Controller vs processor
The GDPR assigns different duties to a controller — who determines the purposes and means of processing — and a processor, who processes personal data on the controller's behalf. Whether your analytics vendor is a processor or a joint controller changes the contracts and liabilities involved. This page explains the distinction and how it applies to analytics.
The two roles
A controller decides the why and how of processing — the purposes and the essential means. A processor processes personal data only on the controller's documented instructions.
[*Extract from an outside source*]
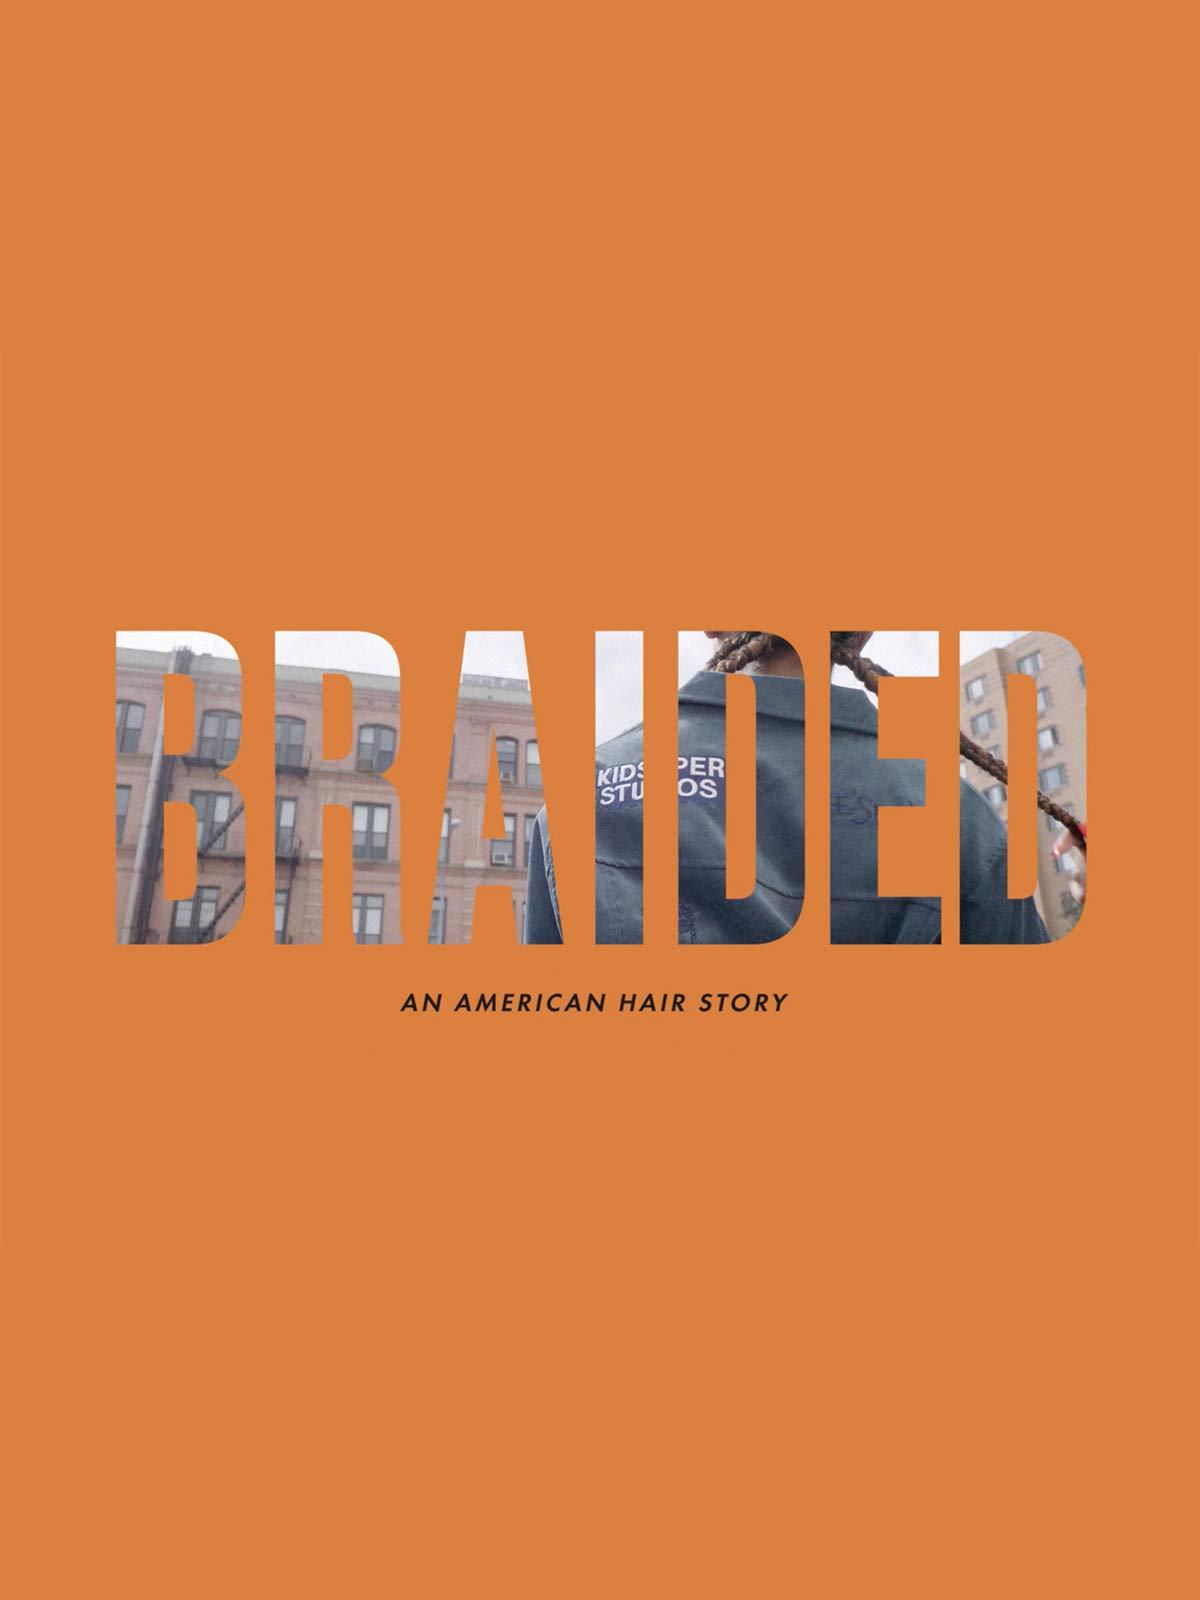 Braided: An American Hair Story

The GDPR defines both in Article 4, and Article 28 governs the controller-processor relationship, requiring a binding contract (a data processing agreement) with specific clauses.
Where two or more parties jointly determine purposes and means, they are joint controllers (Article 26) and must arrange their respective responsibilities transparently.
How analytics maps on
If a vendor processes data strictly on your instructions to deliver measurement to you, it is typically a processor and needs a DPA. If the vendor also uses the data for its own purposes — improving its own products or building its own profiles — it may be a controller or joint controller for that processing, which changes the legal arrangements and the disclosures you owe users.
- Controller: determines purposes and means
- Processor: acts only on documented instructions (needs a DPA)
- Joint controllers: jointly determine purposes and means
How it appears in analytics and logs
Misclassifying an analytics vendor — treating a joint controller as a mere processor — leaves the wrong contracts in place and can misallocate accountability.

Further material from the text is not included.